Start of Block

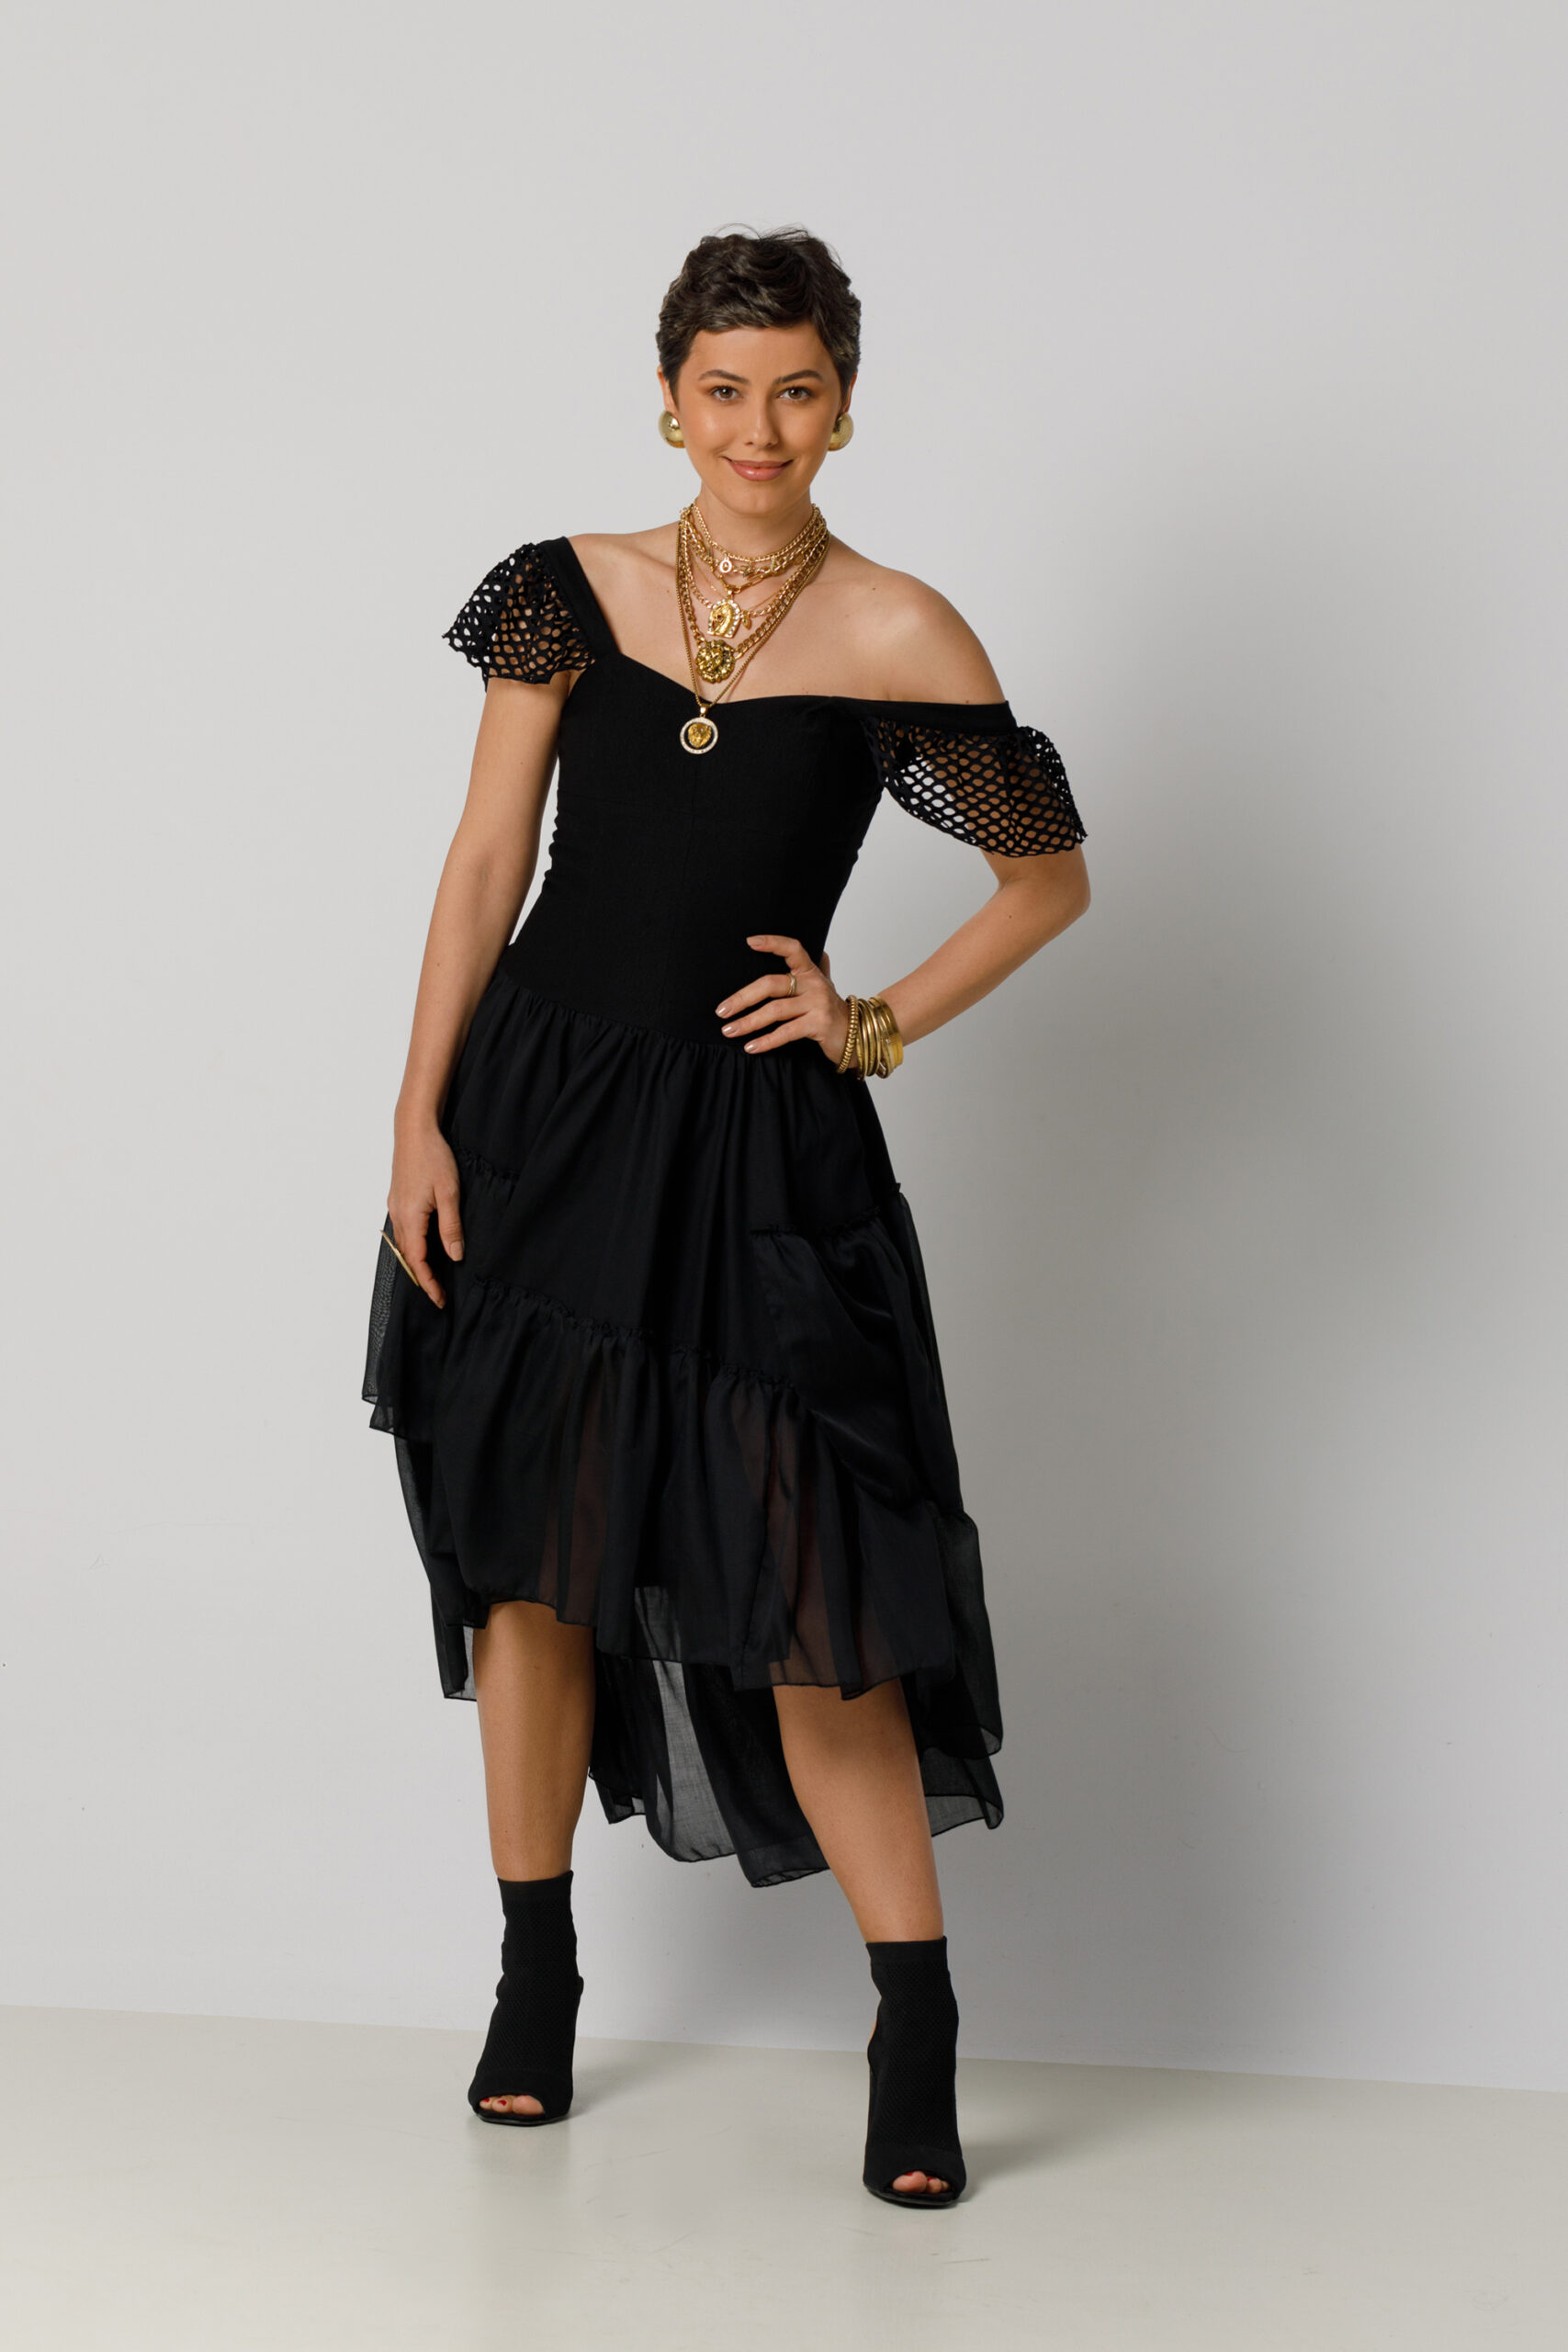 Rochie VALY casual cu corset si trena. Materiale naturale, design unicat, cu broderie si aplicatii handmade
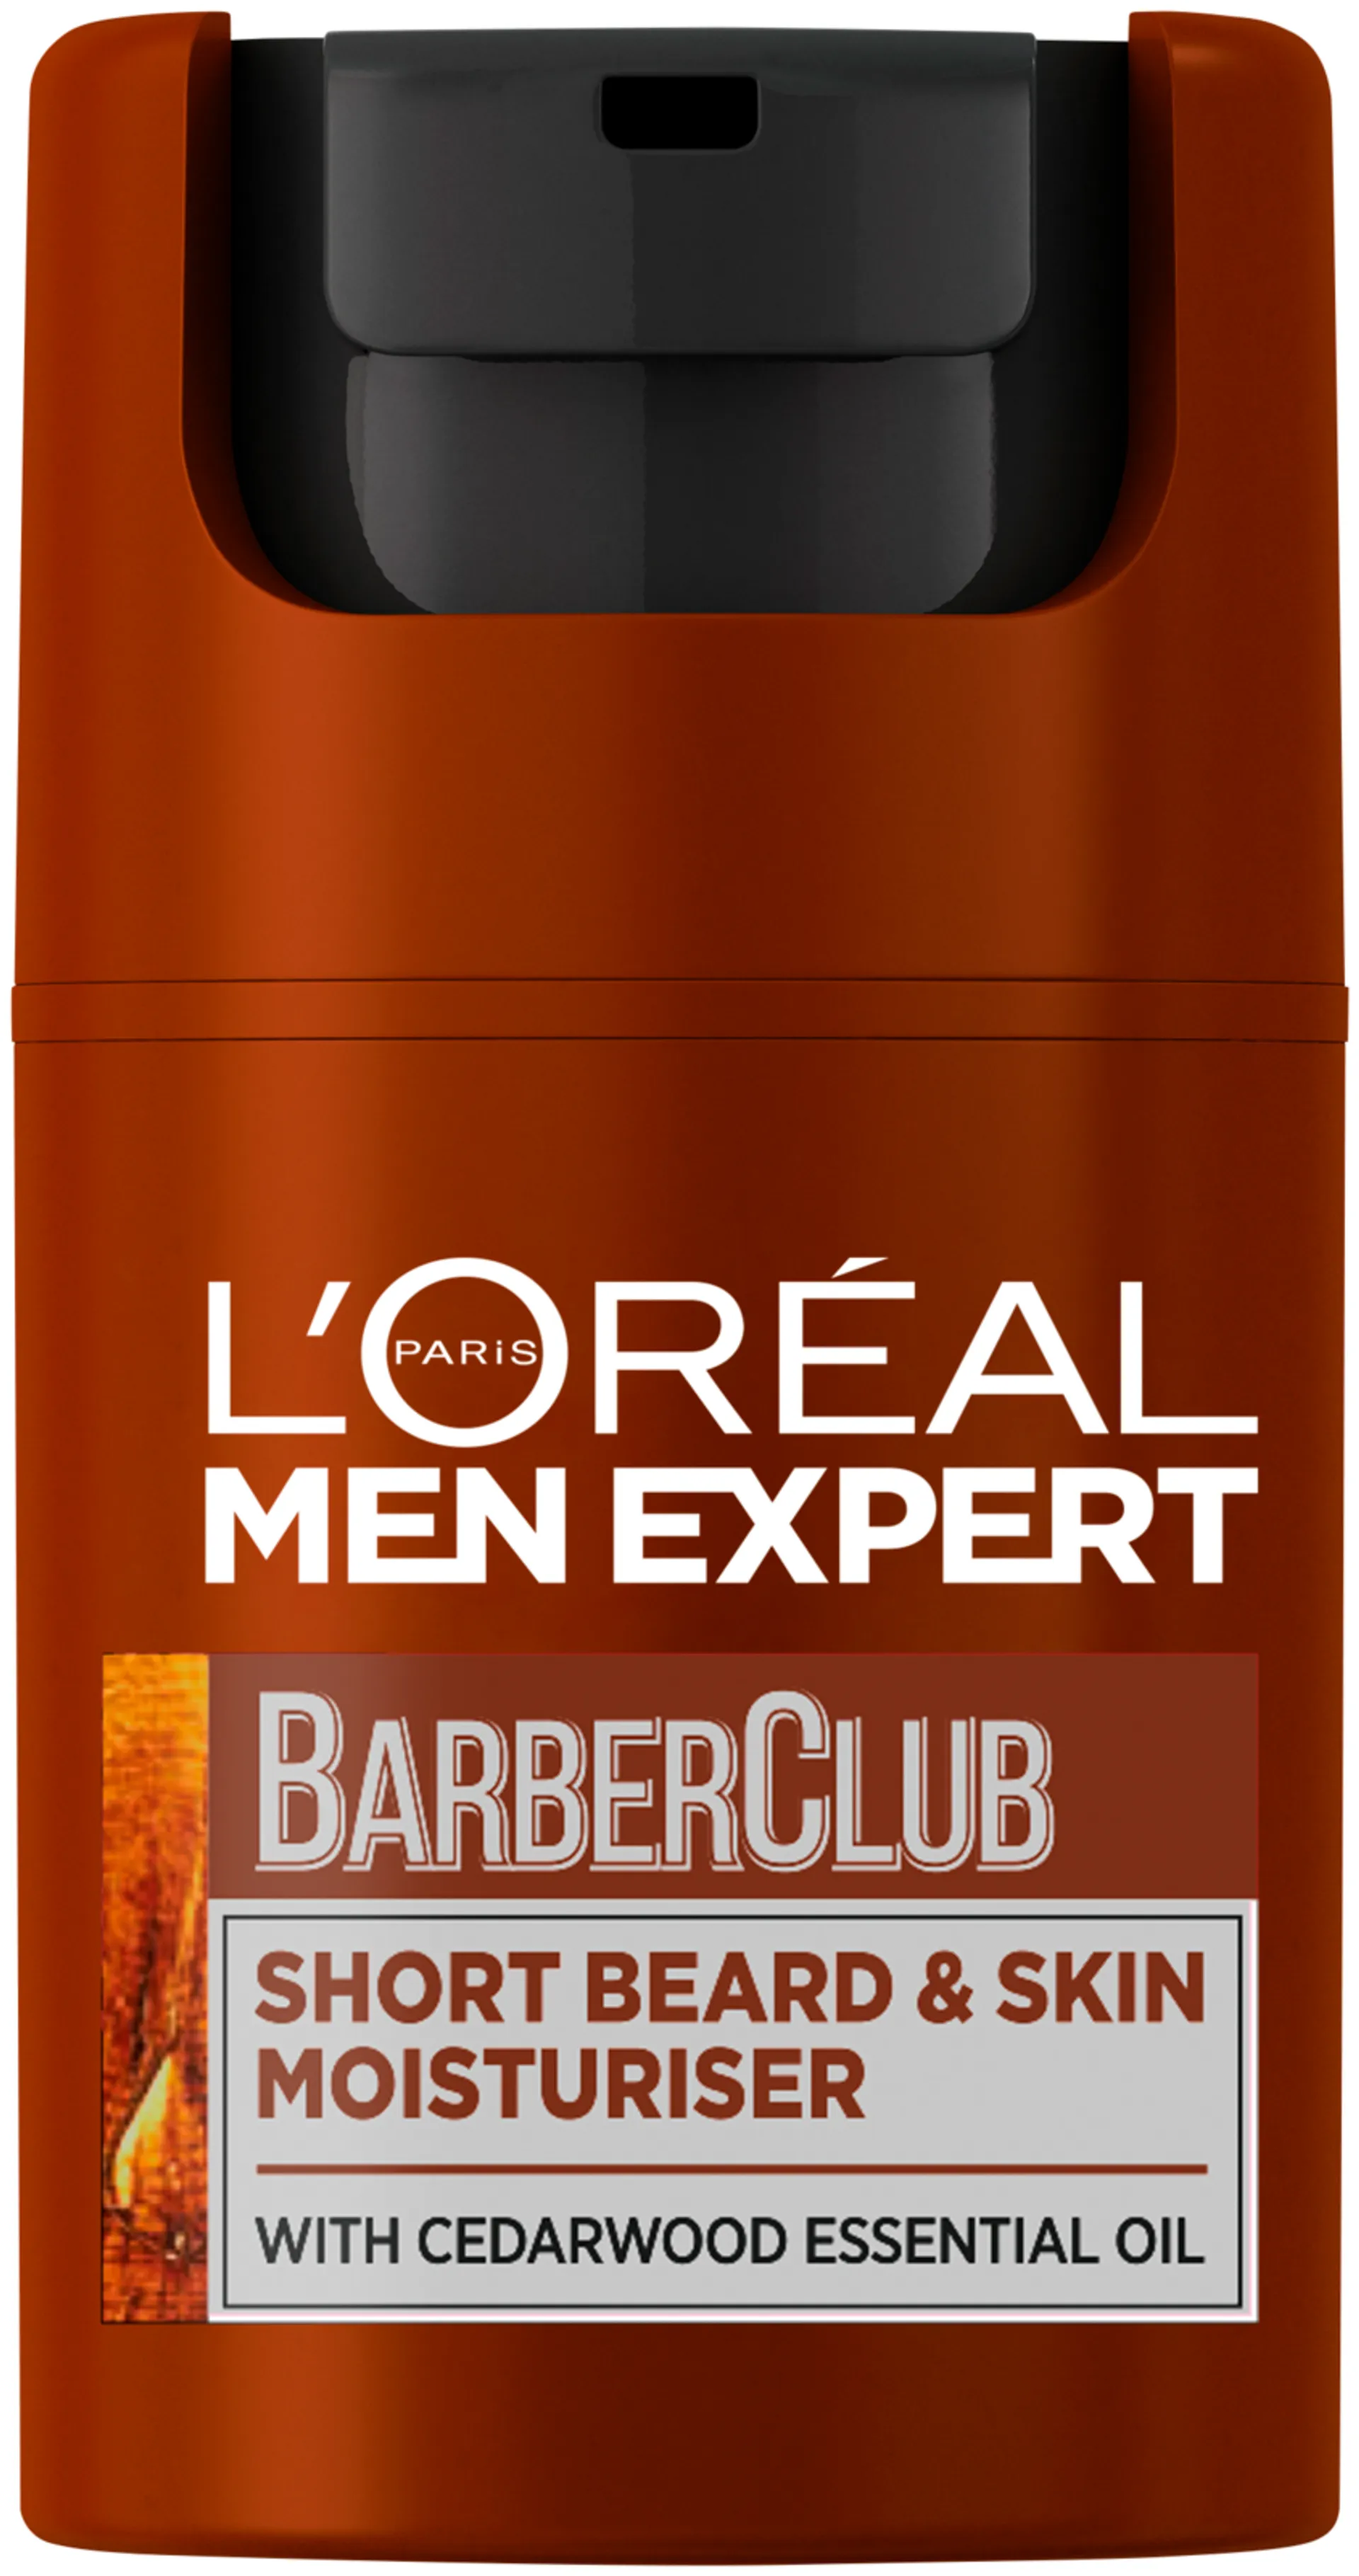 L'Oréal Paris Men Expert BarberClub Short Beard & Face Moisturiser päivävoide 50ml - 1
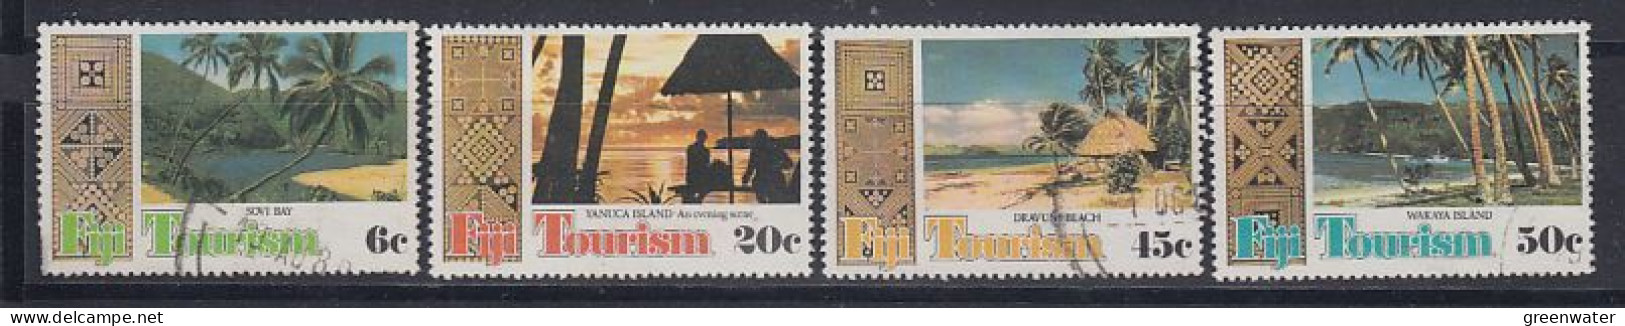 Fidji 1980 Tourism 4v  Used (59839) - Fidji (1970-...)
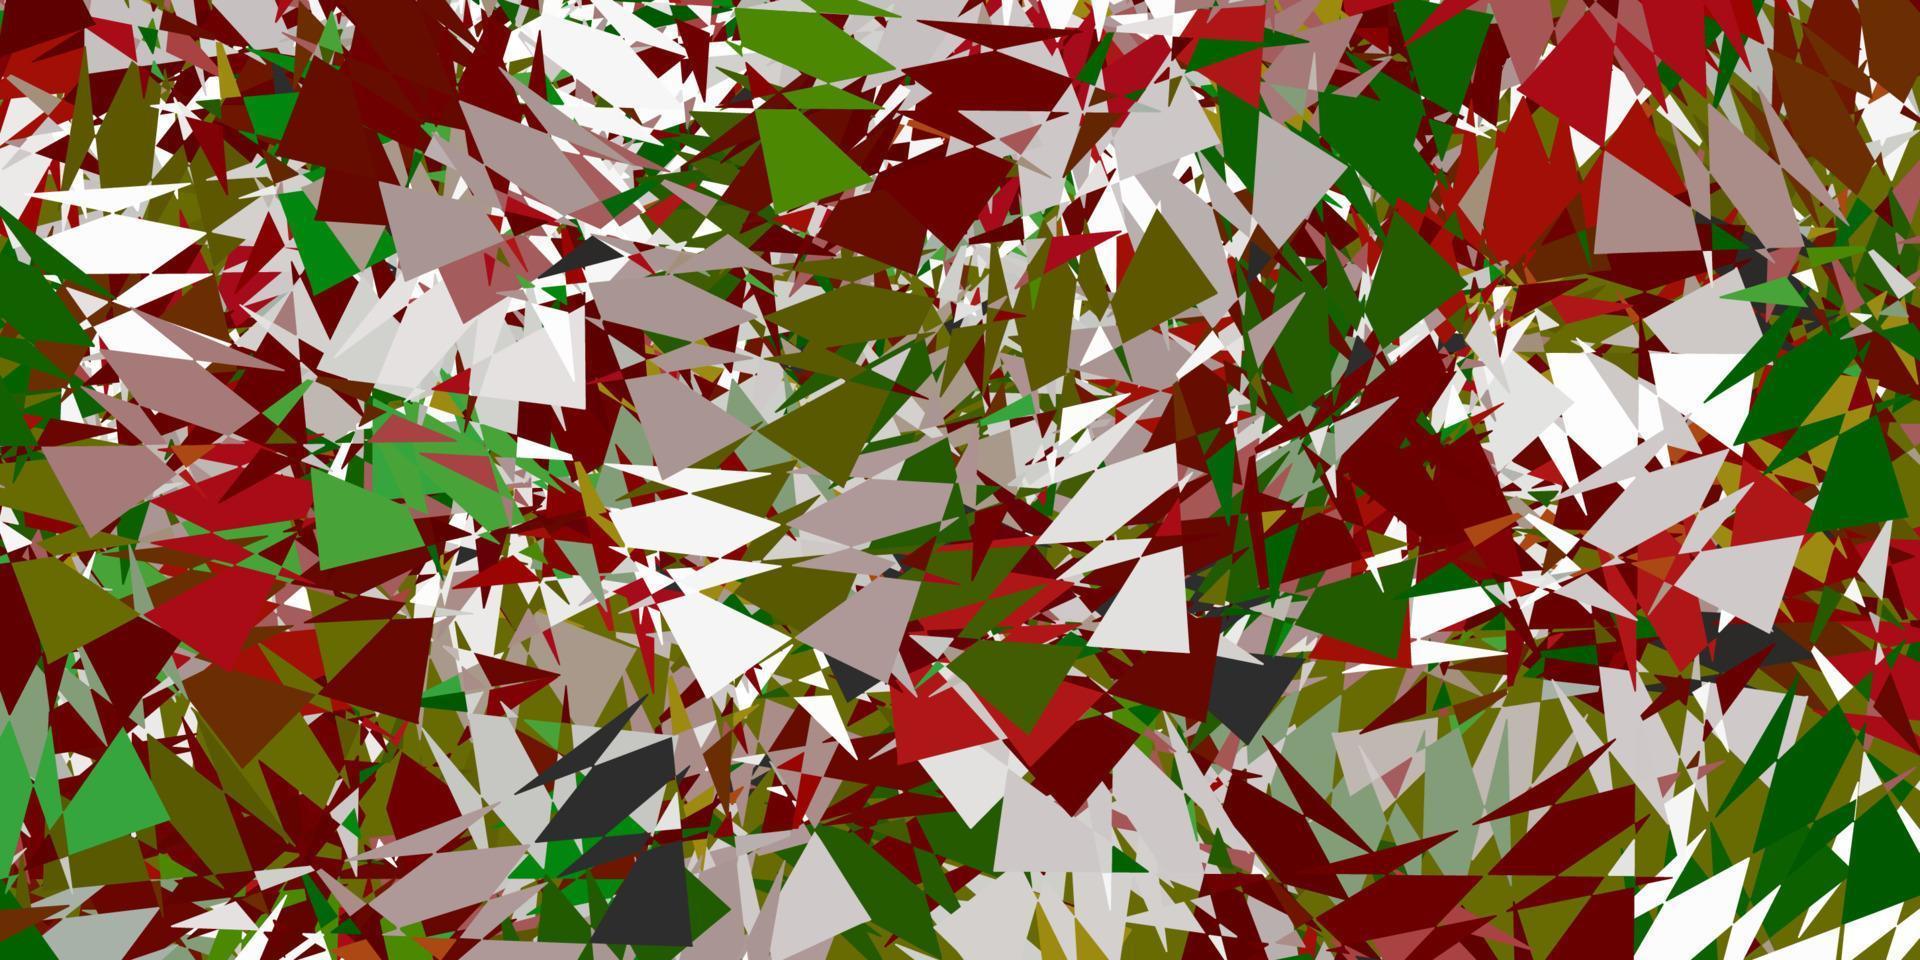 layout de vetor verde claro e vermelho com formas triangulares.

End of Block

Task brief -
Each line of the data is to be duplicated exactly; pictures stay out of the copy.

Task output -
 Rochie VALY casual cu corset si trena. Materiale naturale, design unicat, cu broderie si aplicatii handmade
 L'Oréal Paris Men Expert BarberClub Short Beard & Face Moisturiser päivävoide 50ml - 1
 Fidji 1980 Tourism 4v  Used (59839) - Fidji (1970-...)
 layout de vetor verde claro e vermelho com formas triangulares.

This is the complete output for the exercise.